As illustrated in FIG. 1, the methane-rich stream exiting low-stage propane chiller 28 is introduced into high-stage ethylene chiller 42 via conduit 112. Ethylene refrigerant exits low-stage propane chiller 28 via conduit 208 and is preferably fed to a separation vessel 37 wherein light components are removed via conduit 209 and condensed ethylene is removed via conduit 210. The ethylene refrigerant at this location in the process is generally at a temperature of about −24° F. (−31° C.) and a pressure of about 285 psia. The ethylene refrigerant then flows to an ethylene economizer 34 wherein it is cooled via indirect heat exchange means 38, removed via conduit 211, and passed to a pressure reduction means, illustrated as an expansion valve 40, whereupon the refrigerant is flashed to a preselected temperature and pressure and fed to high-stage ethylene chiller 42 via conduit 212. Vaporized ethylene is removed from chiller 42 via conduit 214 and routed to ethylene economizer 34 wherein the vapor functions as a coolant via indirect heat exchange means 46. The ethylene vapor is then removed from ethylene economizer 34 via conduit 216 and fed to the high-stage inlet of ethylene compressor 48. The ethylene refrigerant which is not vaporized in high-stage ethylene chiller 42 is removed via conduit 218 and returned to ethylene economizer 34 for further cooling via indirect heat exchange means 50, removed from ethylene economizer via conduit 220, and flashed in a pressure reduction means, illustrated as expansion valve 52, whereupon the resulting two-phase product is introduced into a low-stage ethylene chiller 54 via conduit 222.

After cooling in indirect heat exchange means 44, the methane-rich stream is removed from high-stage ethylene chiller 42 via conduit 116. The stream in conduit 116 is then carried to a feed inlet of a first fractionation column 60. In column 60, the feed stream introduced is separated into a first relatively more volatile vapor stream exiting column 60 via conduit 119 and a first relatively less volatile liquid stream exiting column 60 via conduit 114. Typically, the overhead vapor stream in conduit 119 contains primarily methane (preferably >85 mole % methane), while the bottoms liquid stream in conduit 114 contains primarily C2+ hydrocarbons. The separation/distillation in first fractionation column 60 is facilitated by the introduction of a stripping gas stream, via conduit 108, and a reflux stream, via conduit 159, into column 60.

Conduit 114 carries the bottoms liquid stream from first fractionation column 60 to a second fractionation column 67. In column 67, the stream introduced via conduit 114 is separated into a second relatively more volatile vapor stream exiting column 67 via conduit 121 and a second relatively less volatile liquid stream exiting the bottom of column 67. Typically, the overhead vapor stream in conduit 119 contains primarily methane and/or ethane, while the bottoms liquid stream contains primarily C2+ or C3+ hydrocarbons.

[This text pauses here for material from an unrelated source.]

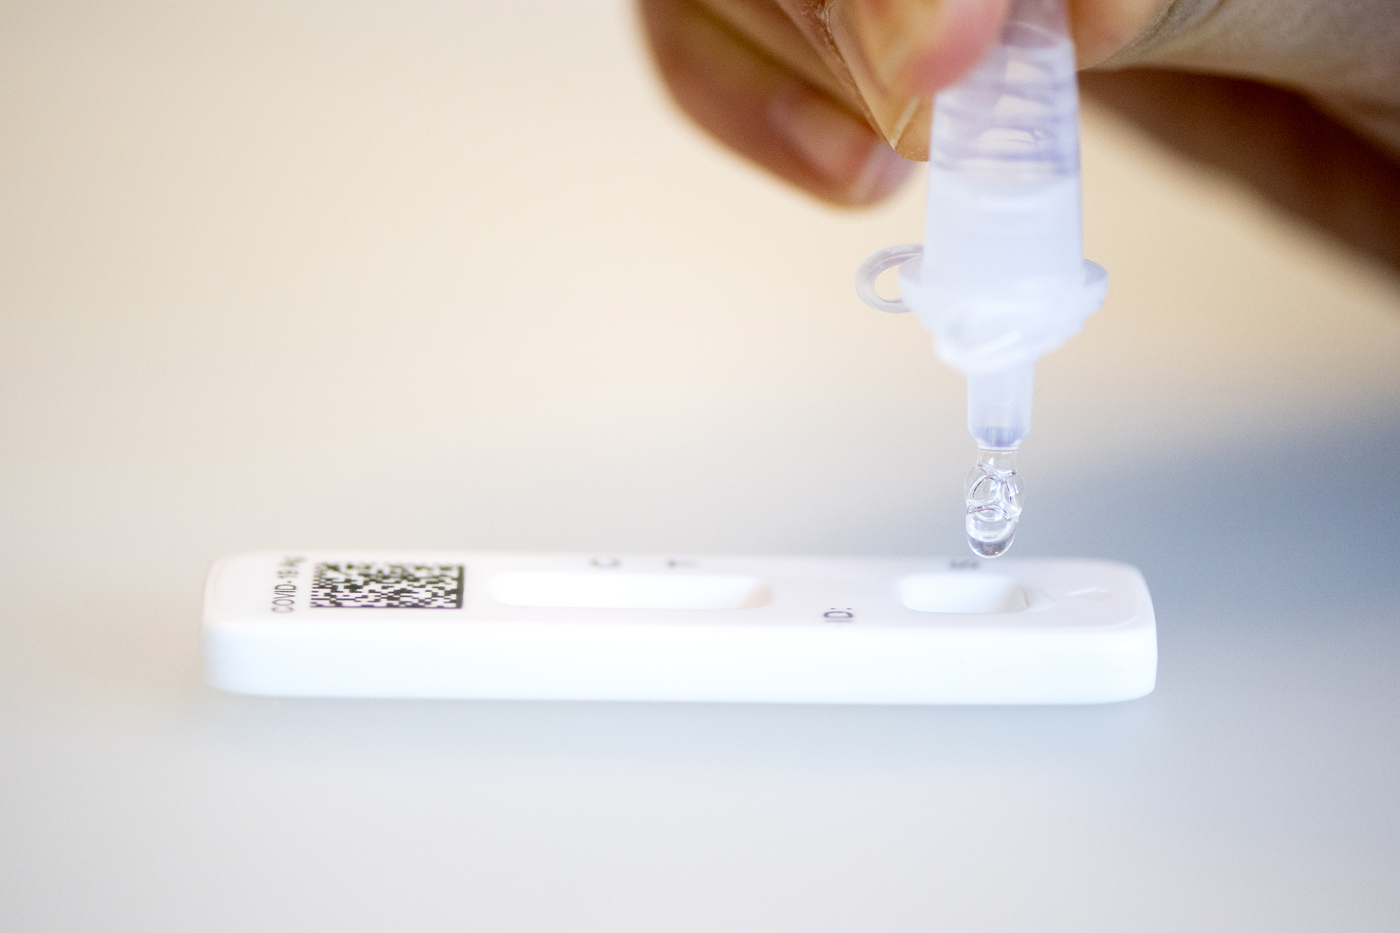 a drop of solution goes into an at-home COVID test

In one embodiment of the present invention, the overhead vapor stream in conduit 121 is subsequently combined with a second stream in conduit 128, and the combined stream fed to the high-stage inlet port of the methane compressor 83.

The bottoms liquid stream from second fractionation column 67 is introduced into a third fractionation column 21. In column 21, this stream is separated into a third relatively more volatile vapor stream exiting column 21 via conduit 401 and a third relatively less volatile liquid stream exiting the bottom of column 21. Typically, the overhead vapor stream in conduit 401 contains primarily ethane and/or propane, while the bottoms liquid stream contains primarily C3+ or C4+ hydrocarbons.

The bottoms liquid stream from third fractionation column 21 is then introduced into a fourth fractionation column 23. In column 23, this stream is separated into a fourth relatively more volatile vapor stream exiting column 23 via conduit 403 and a fourth relatively less volatile liquid stream exiting the bottom of column 23 via conduit 405. Typically, the overhead vapor stream in conduit 403 contains primarily propane and/or butane, while the bottoms liquid stream contains primarily C4+ or C5+ hydrocarbons. In a preferred embodiment of the present invention, the overhead streams in conduits 401 and 403 are combined in conduit 407 to form a spiking fluid which can be stored in a spiking fluid storage tank 25.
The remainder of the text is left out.